# IT'S DECEMBER



## Princess (Dec 2, 2015)

And you know what that means....
Pallymas is just around the corner!
Which also means it's time for the annual... Photoshop a Santa hat on your avatar month!

If you don't know how to photoshop, don't worry! TBT is filled with a ton of helpful members! 

 Just post in this thread that you're in need of a little Santa avatar make over and someone will definitely help you out.


Alright, now everyone get to it!


----------



## piske (Dec 2, 2015)

Hehe I'd love it if my Rick had his own Santa hat xD YAY DECEMBER!!! I love the holidays :>


----------



## Alienfish (Dec 2, 2015)

Probably gonna make a santa hat/switch mine out at some point, too lazy and hungry to do it meow though.


----------



## KaydeeKrunk (Dec 2, 2015)

Hopefully I can find something Christmasy to do for my avatar, maybe I should put a small ornament in my mouth? XD


----------



## Alienfish (Dec 2, 2015)

KaydeeKrunk said:


> Hopefully I can find something Christmasy to do for my avatar, maybe I should put a small ornament in my mouth? XD



+1 paying VIP tbt$700 for that


----------



## uwuzumakii (Dec 2, 2015)

Can someone photoshop some Santa hats on my avatar?


----------



## Watchingthetreetops (Dec 2, 2015)

I didn't know this was a thing.  <3  I'm going to do this later today.


----------



## cornimer (Dec 2, 2015)

Does anyone wanna give Walker a santa hat?  XD

Actually I don't know if that's possible because the top of his head is at the top of the picture...

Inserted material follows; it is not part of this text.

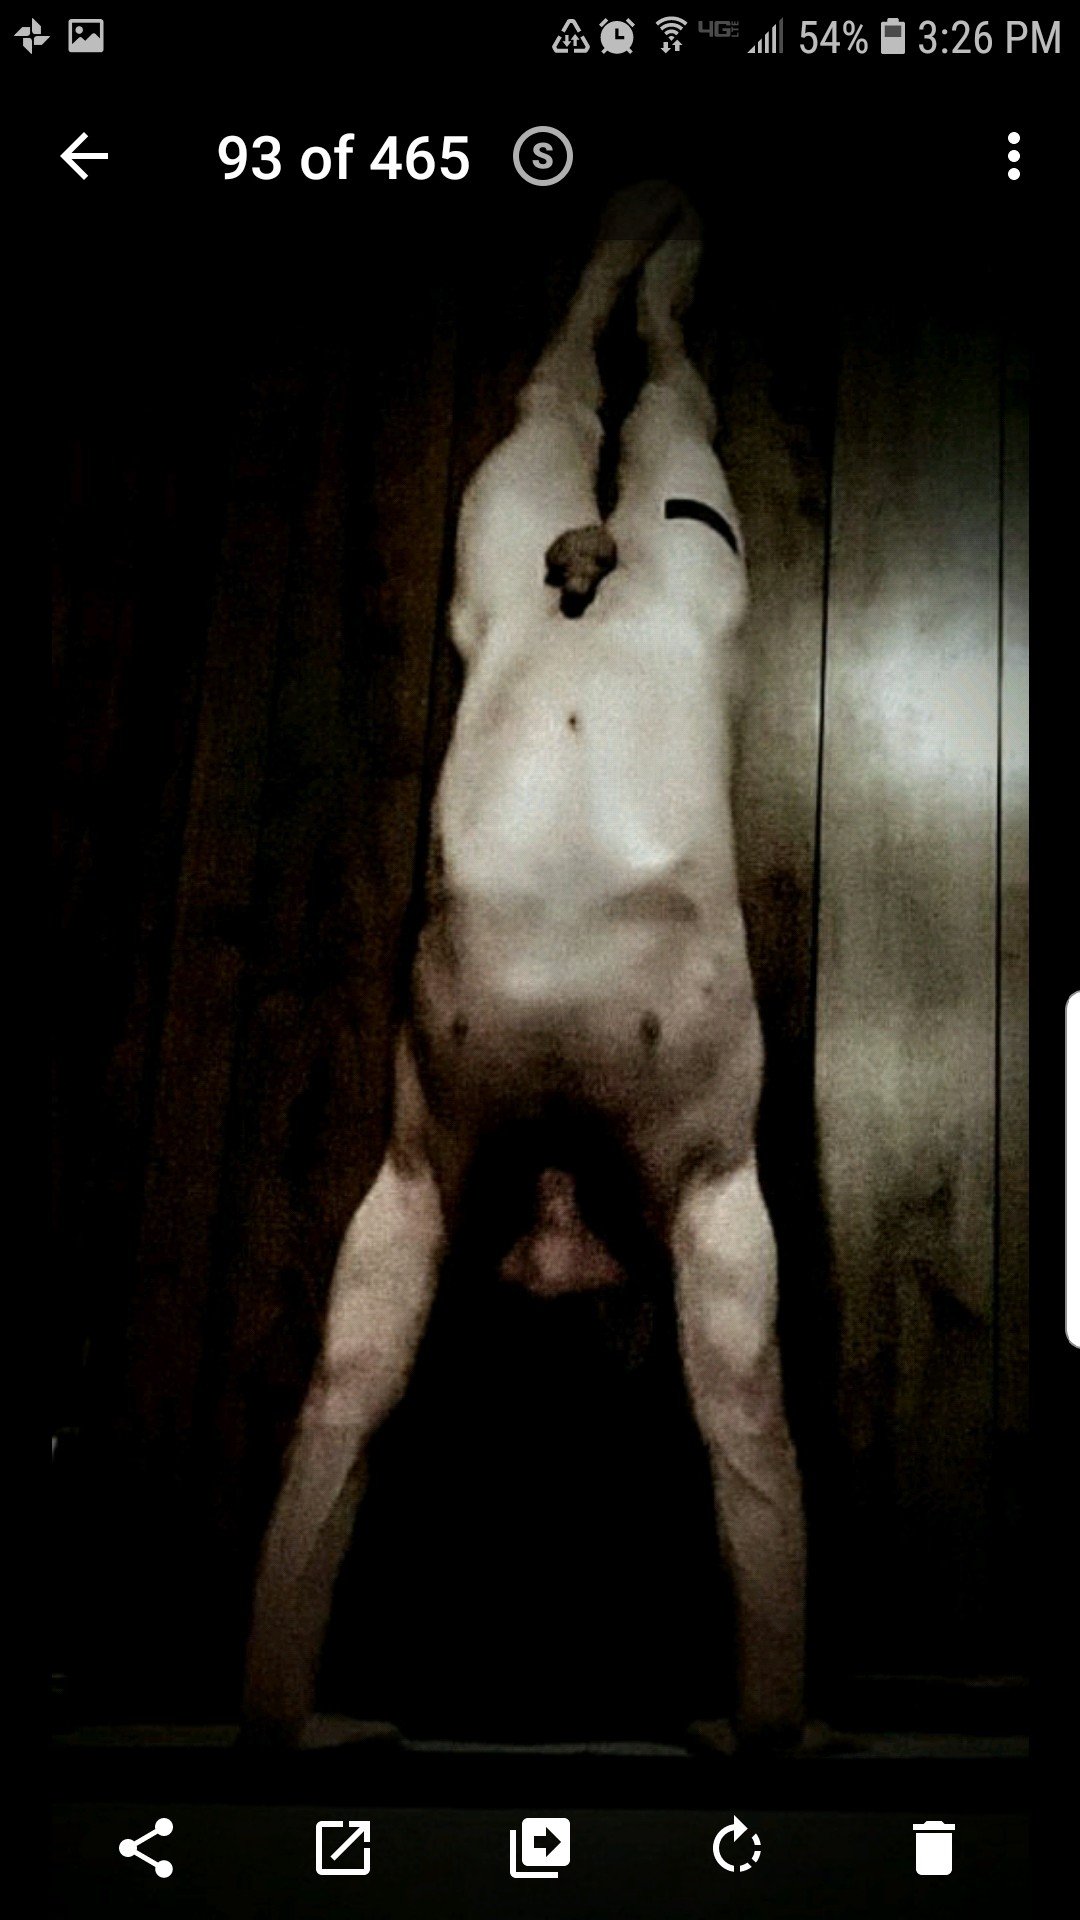 Photo by ArtOfNakedYoga with the username @ArtOfNakedYoga, who is a verified user,  December 10, 2018 at 9:27 PM and the text says '#yoga #me #nudeyoga #nakedyoga #handstand'

But if it's somehow possibly it would be greatly appreciated!


----------



## Acruoxil (Dec 2, 2015)

Well, I made a shop for it in the Museum Shop but I guess I'll just do them here for free. 

I'll get to your requests tonight if someone else doesn't


----------



## Tao (Dec 2, 2015)

Since I never change my avatar I can just use the exact same one from last year.

Huzzah for never changing things!


----------



## glow (Dec 2, 2015)

Someone do this for me pls omg


----------



## Akira-chan (Dec 2, 2015)

I Can do some hats! Just send me your icon and ill get it done :3


----------



## MozzarellaSticks (Dec 2, 2015)

Thanks for the reminder, babe.


----------



## Xerolin (Dec 2, 2015)

Screw that, im changing it to a smiling pit bull XD


----------



## GalacticGhost (Dec 2, 2015)

Ugh I haven't had this avatar for long tho

I really feel like changing it to something completely different now... But who will be forced to wear a Santa hat??

Hnnnnnng can't decide


----------



## DarkDesertFox (Dec 2, 2015)

This is a good idea. I should do it to mine later.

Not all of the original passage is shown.